A deadly attack, professional resolve

Marie Colvin (AFP)
Marie Colvin (AFP)

The worst episode for the press came on February 22, when several government shells struck a makeshift media center in a three-story building in the Baba Amr neighborhood. Conroy, a former target acquisition/communications operative in the British Royal Artillery, said he believed the attack was deliberate because the pattern of repeated shelling on the center was intended to cause massive damage and take out its target. He told CBS news that the February 22 shelling did not fit earlier patterns, which appeared indiscriminate. This time, he said, the strike appeared to have military coordination: “The first shots hit wide. A second round narrowed their target. The third set of shots hit the house–‘fire for effect,’ it’s called–and they fired for effect and killed two very good people, wounded a few others, and destroyed the building.”Jean-Pierre Perrin, a journalist for the Paris-based daily Libération who was with Colvin and Conroy in Baba Amr before leaving days earlier, told CPJ that government forces could have easily picked out the building since it was the only one in the area with consistent electricity, which was provided by a generator that worked through the night amid an otherwise darkened neighborhood. Reports also suggest Syrian authorities could have picked up the satellite phone signals the journalists used to communicate with the outside world, a tactic similar to one used by the Russians in the conflict in Chechnya. Technology experts have told CPJ that satellite phones can be tracked with relative ease.

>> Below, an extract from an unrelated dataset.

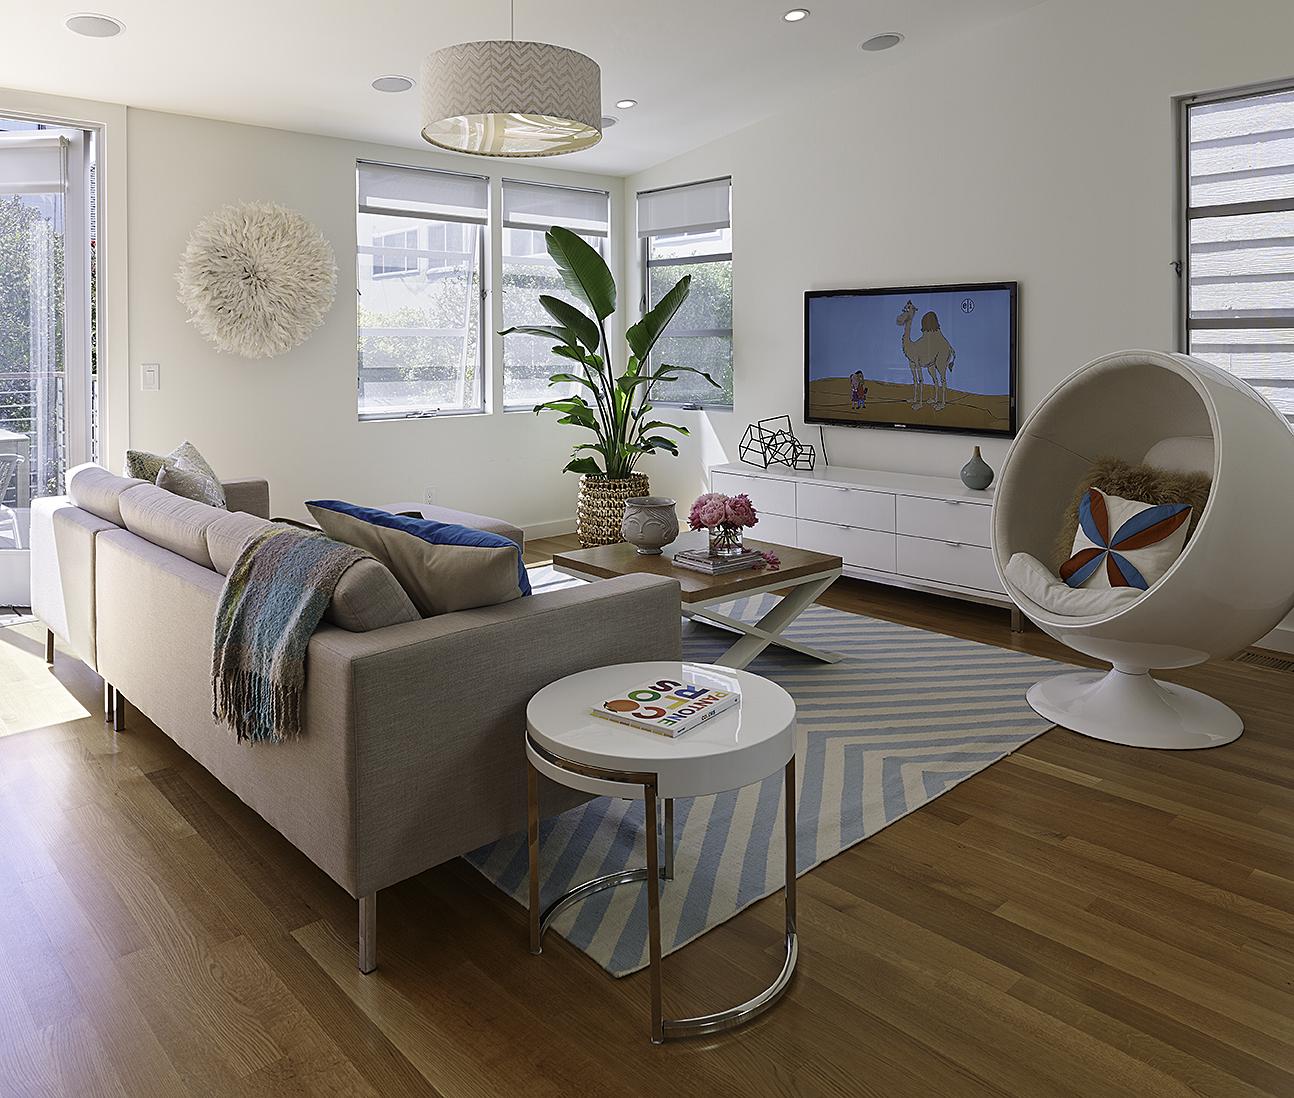 Кресло-шар в интерьере гостиной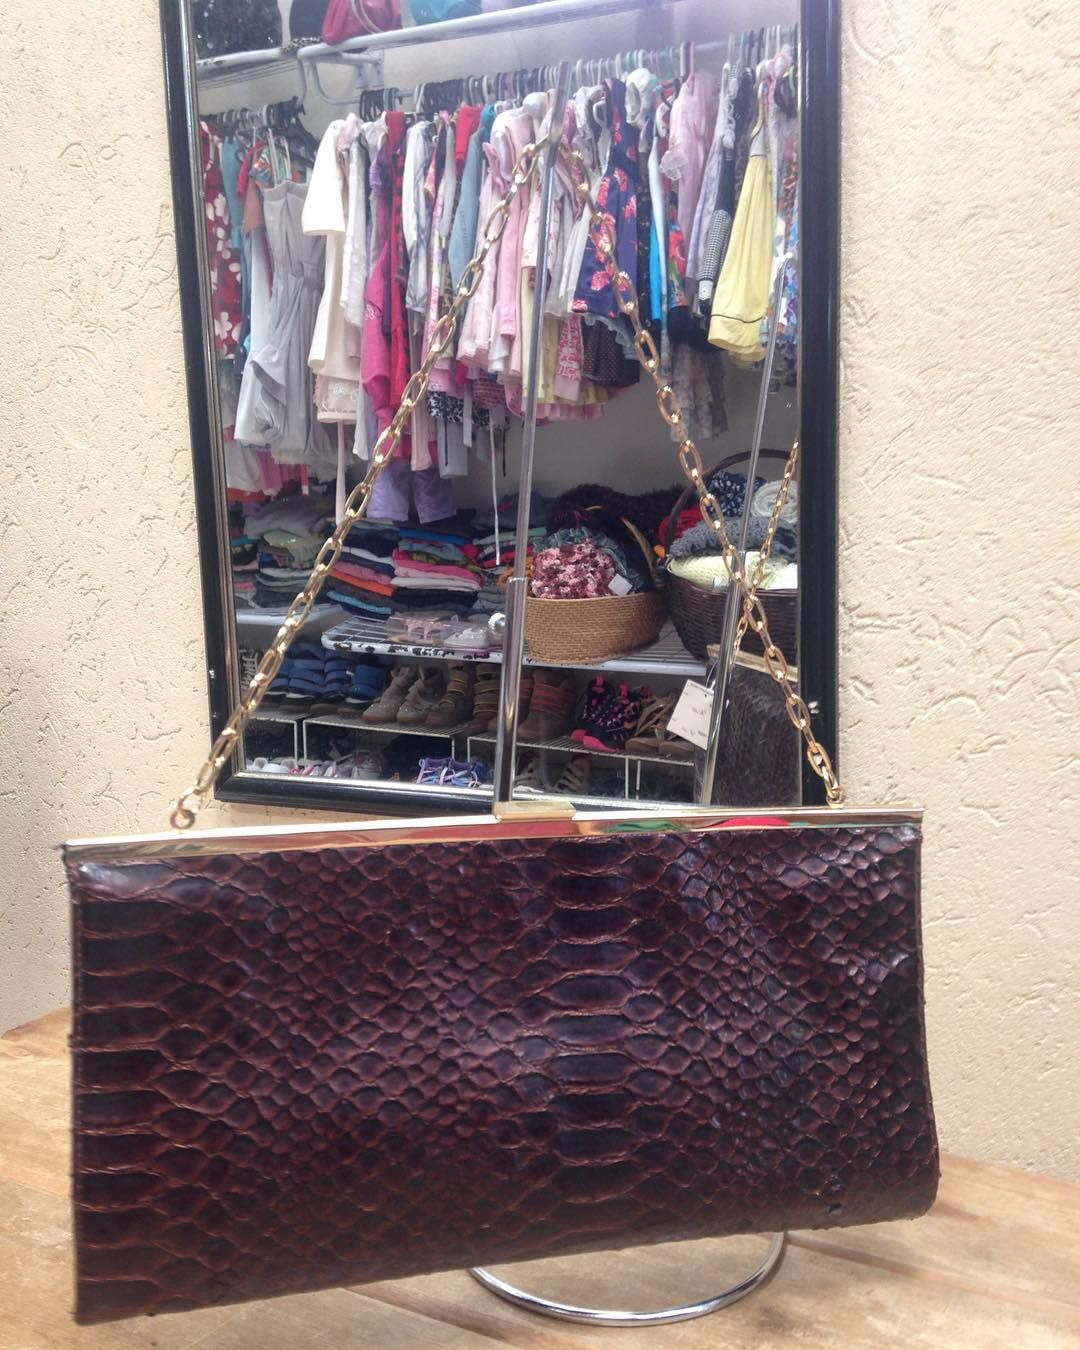 Bolsa tipo carteira com corrente dourada  super chique  #bolsa: #carteira #Aldo  #brechocamarimtododianovidade  #brecho .

For those who survived, like Espinosa of the Spanish daily El Mundo, the effect was profound. “It makes you feel that you can be also a victim of the conflict,” Espinosa told CPJ. “But I always compare my situation with that of the civilians living around me. And always we, the foreign journalists, are a type of VIP in those conflicts so we have a duty to keep reporting. For the local citizen journalists in Baba Amr, it was also the same. They did not stop working because some of their team was killed. In fact, one was working even after being wounded.”

Said Hammouche: “We are witnesses. We serve as witnesses to the brutal oppression. And if we let them scare us away, then they have won.”